Её рука дернулась к поясу – к тому месту, где обычно у нее висел нож. Я успел схватить ее за руку выше локтя, прижав к ее же боку. Она пыталась вывернуться, ее тело напряглось, как пружина, готовая распрямиться. А он, посол, просто стоял и смотрел. Не испугался, не отступил. Смотрел с тем же странным, пристальным интересом, с каким наблюдают за схваткой диких зверей в клетке.

– Гнев ослепил тебя, дитя, – сказал он, и в его тоне проскользнула неподдельная усталость человека, наверняка видавшего тысячи таких же вспыльчивых юнцов. – Мы все – заложники обстоятельств. Теночтитлан – наши общие оковы, и вместо того, чтобы рвать друг другу глотки, не разумнее ли вспомнить, кто настоящий враг? Кто поджёг твой город? Чьи руки держали факелы? Воины Уицилопочтли, а не тлашкальтеки.

– Настоящий враг? – Алгона задыхалась от бессильной ярости, не находя слов, которые могли бы передать всю глубину ее презрения. – Ты говоришь это, стоя в самом сердце того, кого называешь врагом! Пресмыкаешься перед теми, кого ненавидишь! И это, по-твоему, называется борьбой? Тлашкала – это посмешище, а не воины! Жалкие, ничтожные трусы!

Ее слова достигли цели. Холодная маска посла дрогнула. Я увидел, как его пальцы непроизвольно сжались в кулак, прежде чем снова расслабиться. Взгляд его на мгновение стал не взглядом посла, а взглядом старого, усталого воина, которого загнали в угол. Он ненавидел её в этот момент, да. Но больше, кажется, он ненавидел стены вокруг, трон впереди и саму необходимость стоять здесь и терпеть всё это.

– Мир – лишь иное поле битвы, девочка. Глупцы сражаются оружием, мудрые – словами. Твой народ сам выбрал путь глупцов.

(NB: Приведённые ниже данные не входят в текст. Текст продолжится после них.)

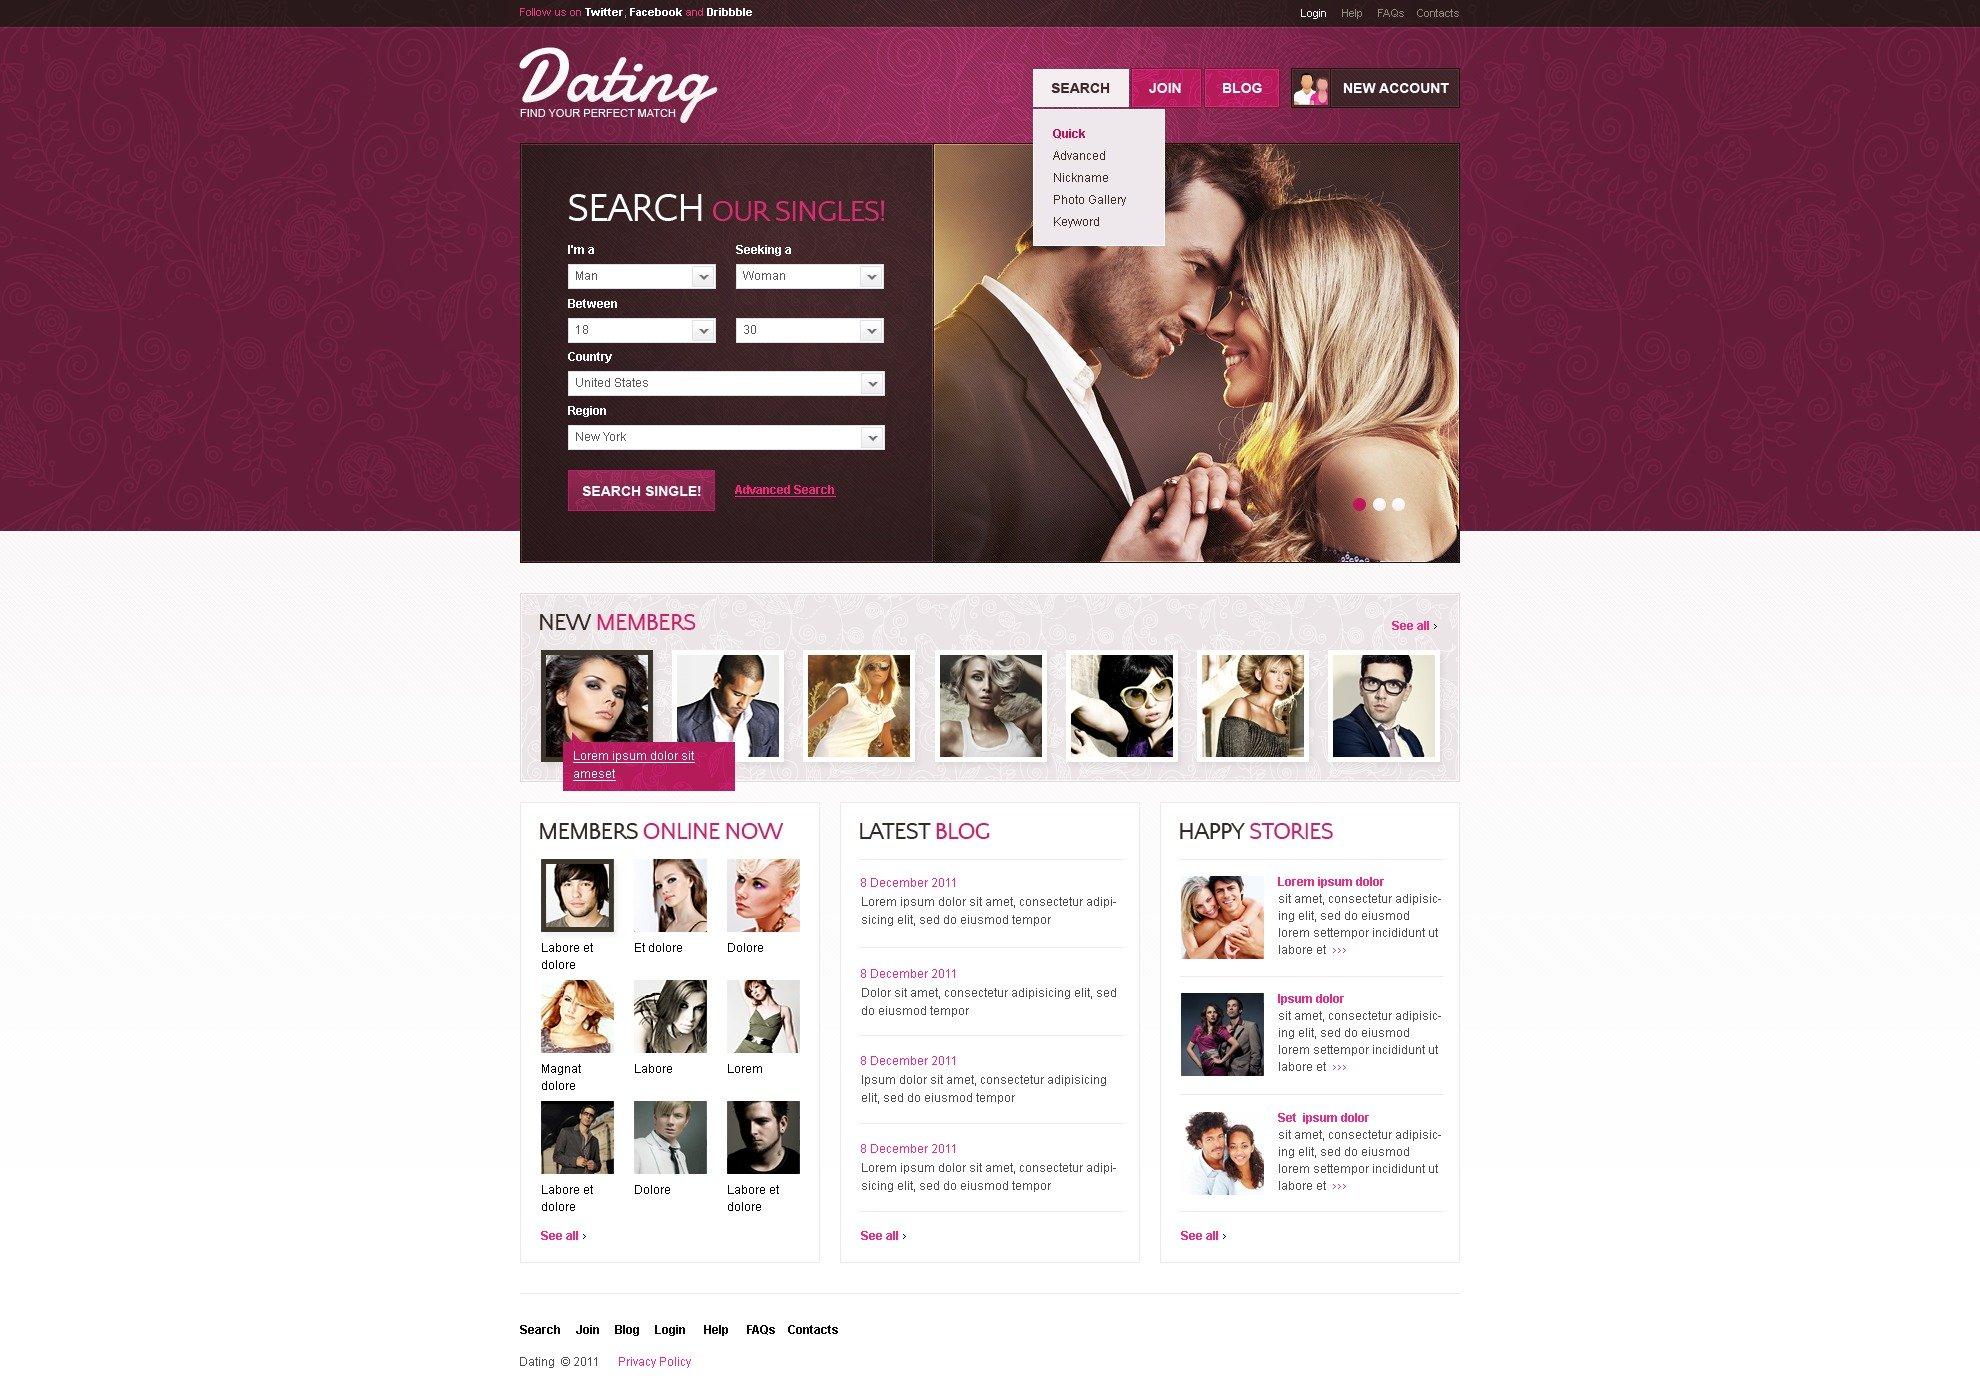 Noorse Amerikaanse dating site

Её прорвало, словно плотину пробило. Из нее вырвался какой-то низкий, сдавленный рык, даже не крик, и всем своим небольшим, но до предела напряженным телом она рванулась вперёд, взяв кинжал у пояса свободной рукой. В голове пронеслось: ещё секунда, и все, о чем говорила Истаксиуатль, все ее тихие намёки на какой-то другой путь – всё пойдёт к чёрту. Разлетится в клочья. Если она нанесет удар, то пути назад уже не будет. Я среагировал, не думая: обхватил её сзади, поймав под самые рёбра, прижал её спину к себе, чтобы зажать ей руки. Она дёрнулась – резко, с силой, от которой у меня аж дух захватило, но я вцепился намертво. Она билась в моих руках, как птица. А посол стоял и смотрел. И на его лице снова появилась эта… тонкая, холодная улыбка. Не торжествующая, скорее… ядовито-удовлетворенная.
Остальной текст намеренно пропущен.